05 Dec 2020 » dotnet

G’day guys!

Today I wanted to talk a bit about a deceptive (and yet blantly obvious once you see it) little bug we had at work the other day. We were awaiting some Tasks in a dotnet core web api, and for some reason, the tasks seemed to be running twice.

What are tasks, again?

If you can already answer this in an interview question, then feel free to skip this part. For everyone else though, a Task (in .net land) is an abstraction of work that needs to be done, expressed and managed using the TPL (Task Parallel Library). Tasks are often simplified as threads, but you shouldn’t just assume that a task is a thread. Instead, think of it as tasks running on threads - almost threads within threads, if you will. Whenever a task is awaited, the synchronisation context is captured, which includes the current line being executed, and other state such as instance variables. The thread which is executing the task then returns to the threadpool, where it can be used to process another task while the framework waits for the I/O operation to complete. At this point, the task is picked back up again - potentially by the same thread, or perhaps a different one - depending on the value passed to ConfigureAwait(bool continueOnSameThread), which is true by default. There are helper functions in the framework to wait for one-of-many tasks, or to wait for a whole collection of tasks, which might be useful if you’re batching work that can be executed concurrently - which is what we were doing at work.

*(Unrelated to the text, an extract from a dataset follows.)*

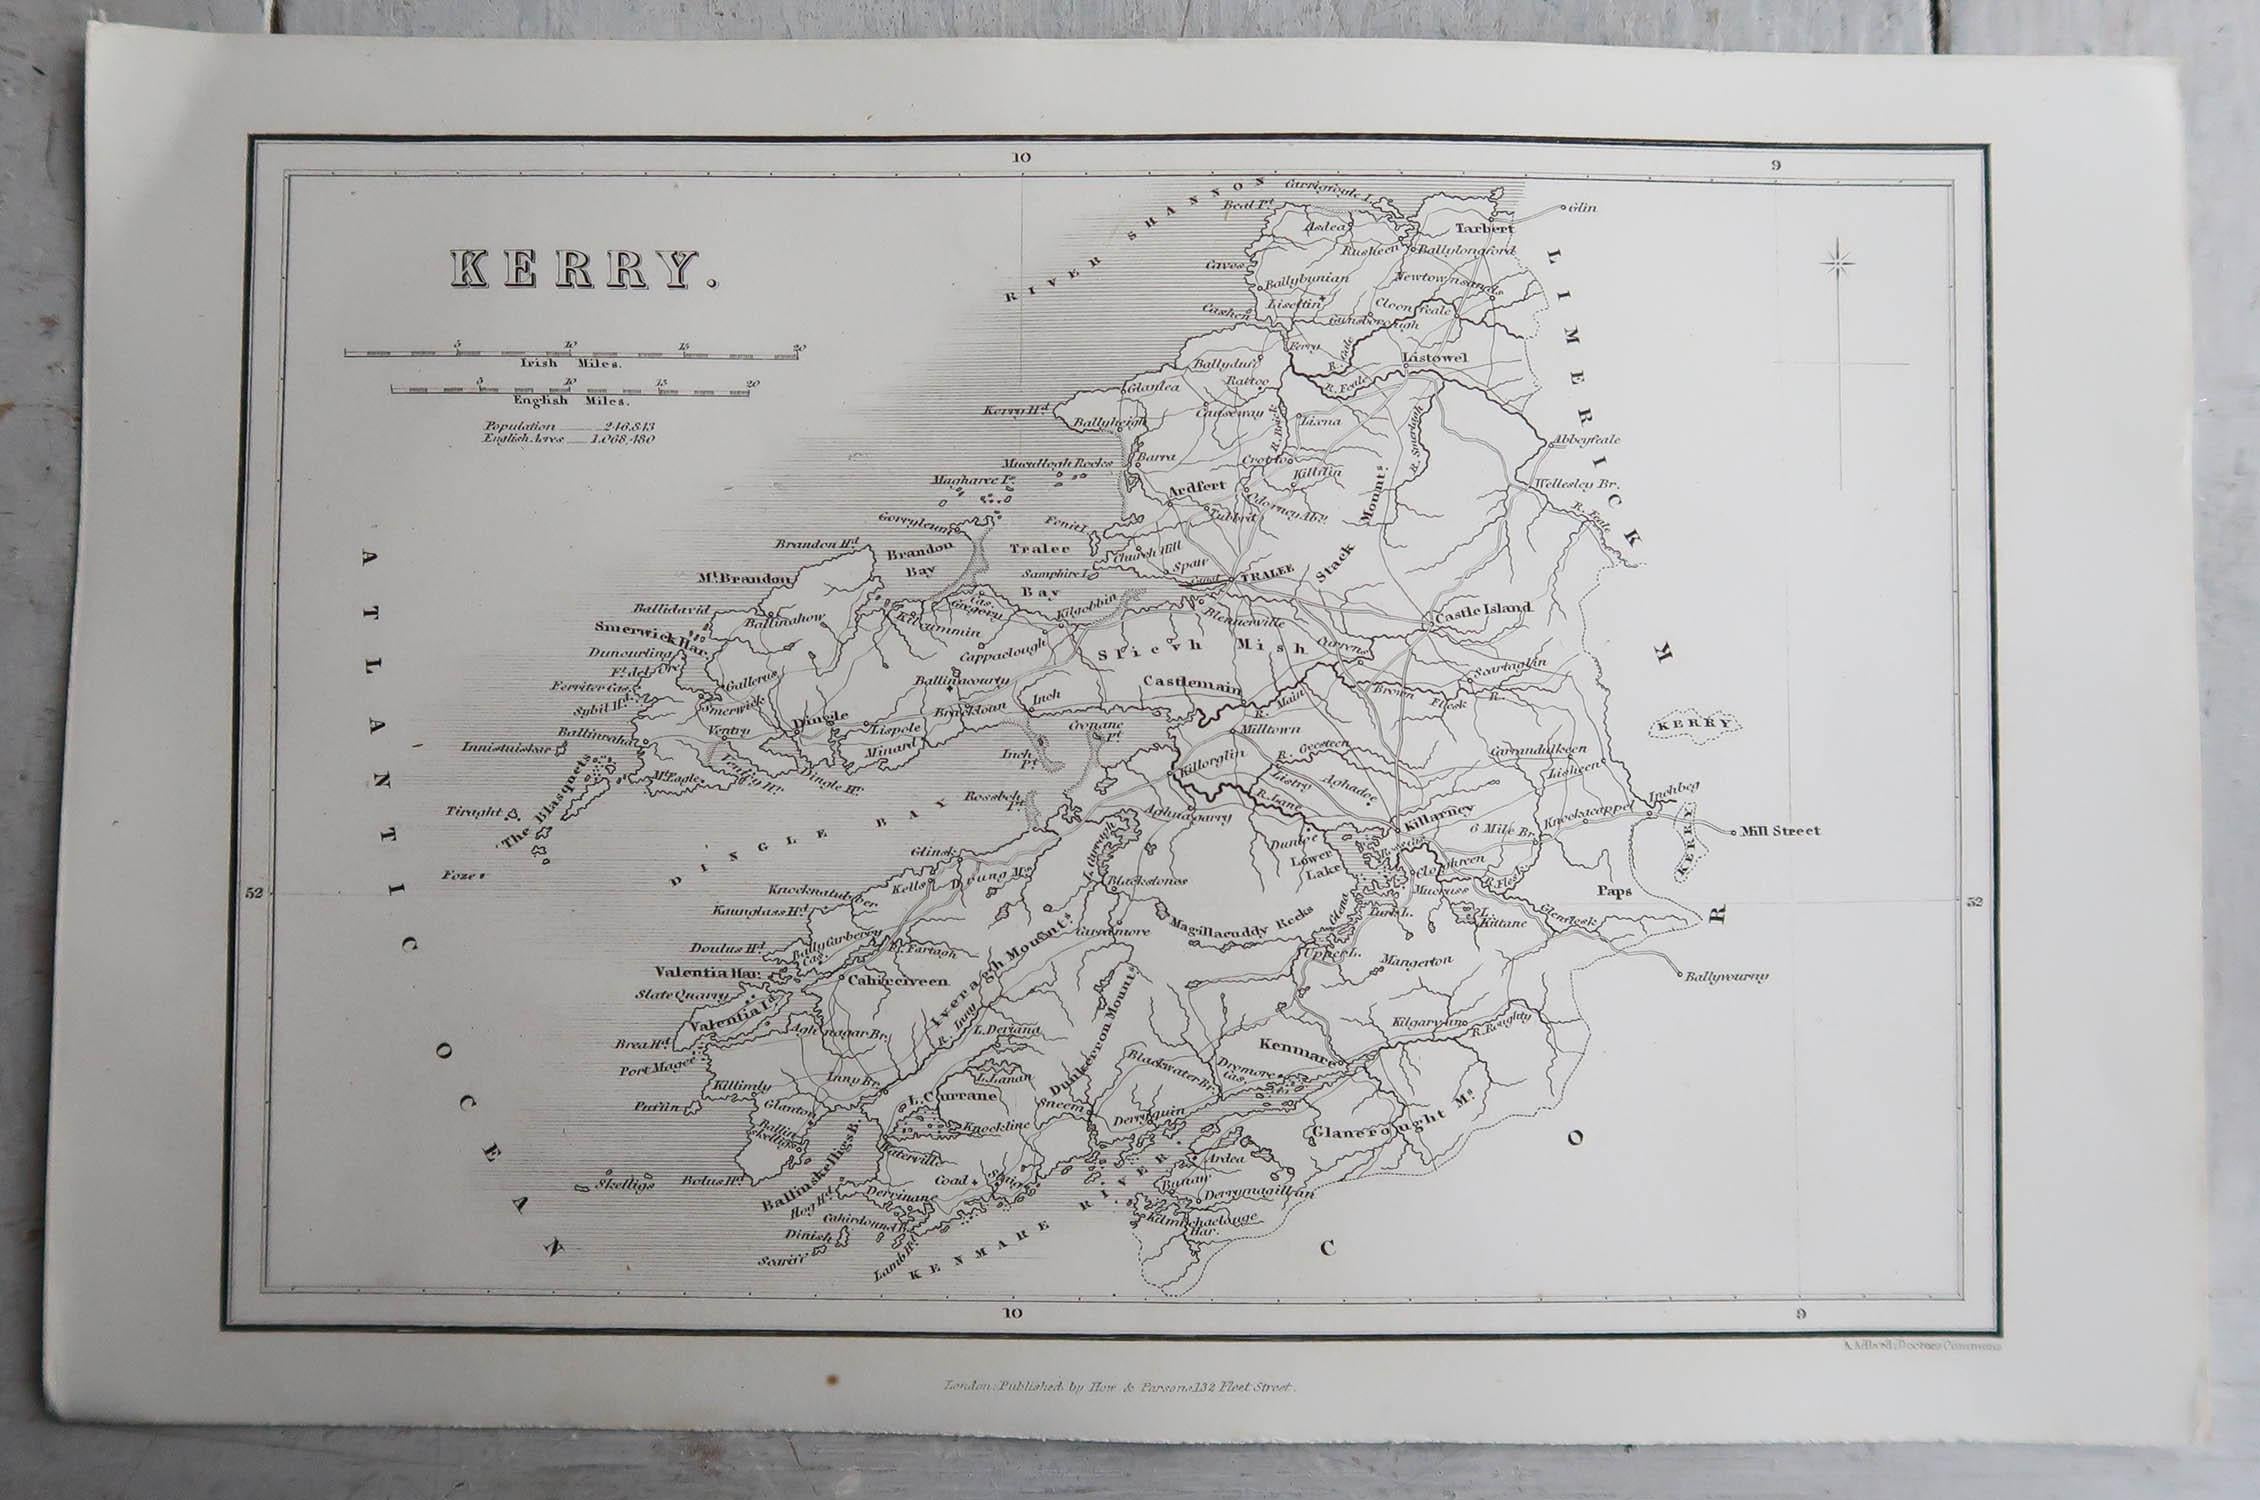 Other Original Antique Map of Ireland- Kerry. C.1840 For Sale

Anyway, this is just the tip of the iceberg - but the general takeaway is that tasks and the TPL greatly simplify the readability of async code, and help a great deal in taking advantage of concurrent computing and multi-core hardware. Having said that, they do introduce some new (sometimes subtle) bugs - we’ll look at one of them today.

Okay, so what happened?

Long story short (and without giving away any sensitive Intellectual Property), we had a bunch of tasks that would be saving records, and a bunch of tasks that would be deleting records - and we wanted to await all of them. I put together a little snippet in dotnetfiddle which simultates the conditions.

Just looking at the code, one might naively assume (as I did, admittedly) that it should just output the numbers 1 through 5, followed by a count. What we actually get though, are the numbers one through 5 TWICE, followed by a count, followed by the numbers 1 through 5 again. I imagine most of you have found the problem by this point, but for everyone else and for those of you who just want to enjoy the show, here it is.

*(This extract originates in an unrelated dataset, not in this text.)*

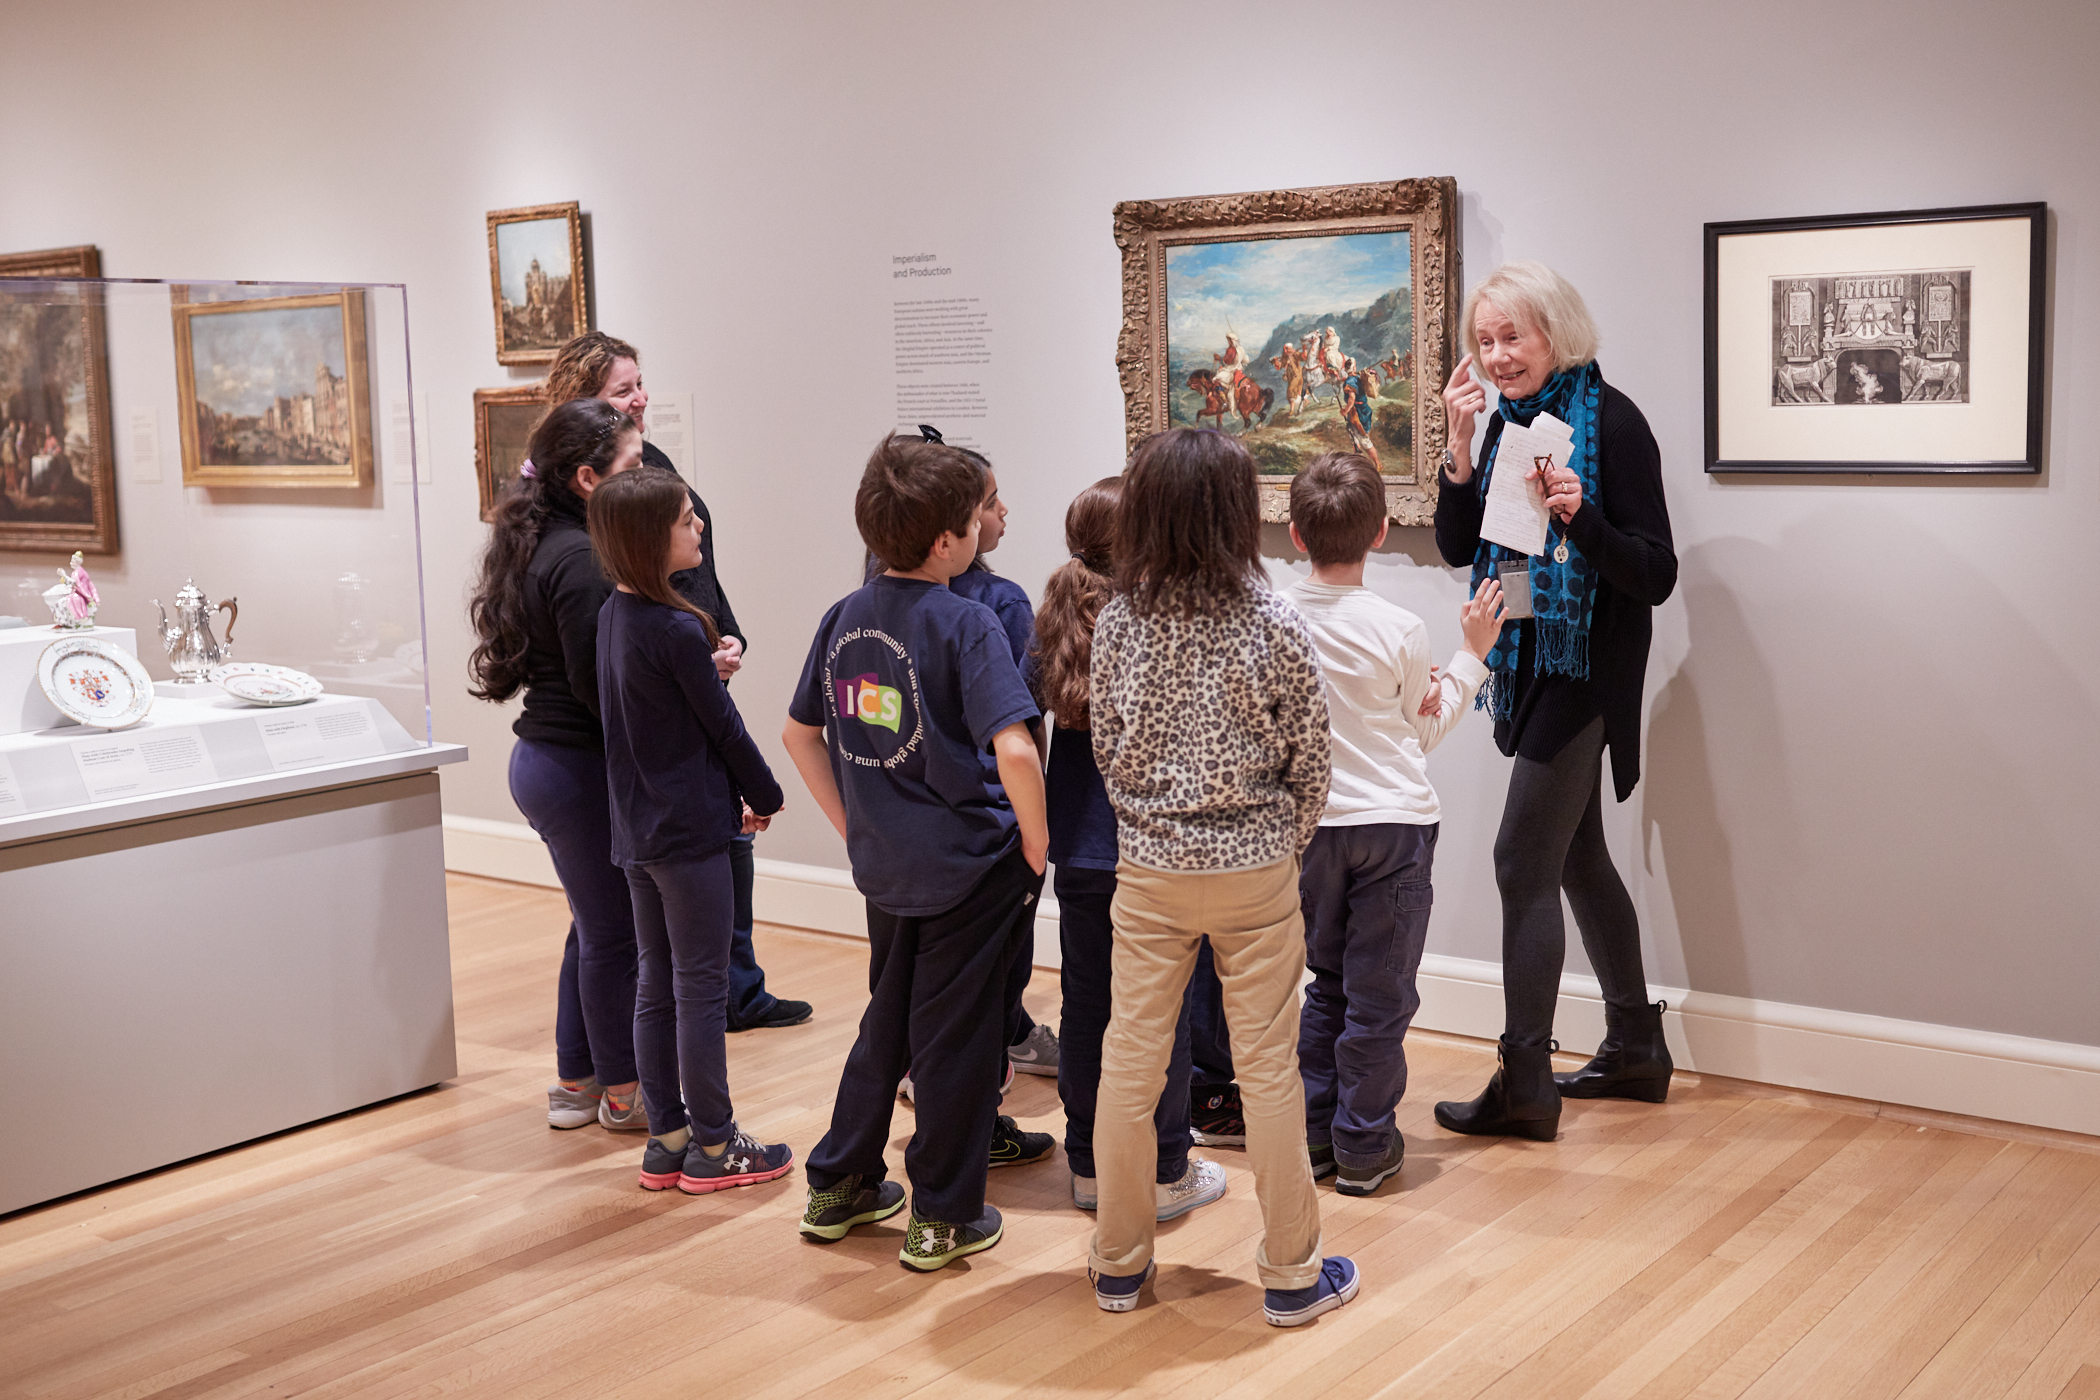 2018 Docent Jane Koster leading students from the International School on a tour in 2018. Photo by Erik Gould.

Enumerating a collection of tasks (re)runs the work

This means that whenever you’re calling ToArray(), ToList() or even Count() on a collection of tasks, the work is being re-run. It sounds obvious now, but it may not be so when the ToList() is hidden behind an extension method and you’re wondering what is going on. Moving forward, I think I’ll treat an IEnumerable<Task<T>> with the same caution as an IQueryable<T>, and always consider whether the operation you’re about to invoke can cause extra work to run.

Anyway, that’s all from me today. Do you have any other example of tasks coming back to bite you? Let me know in the comments.

Catch ya!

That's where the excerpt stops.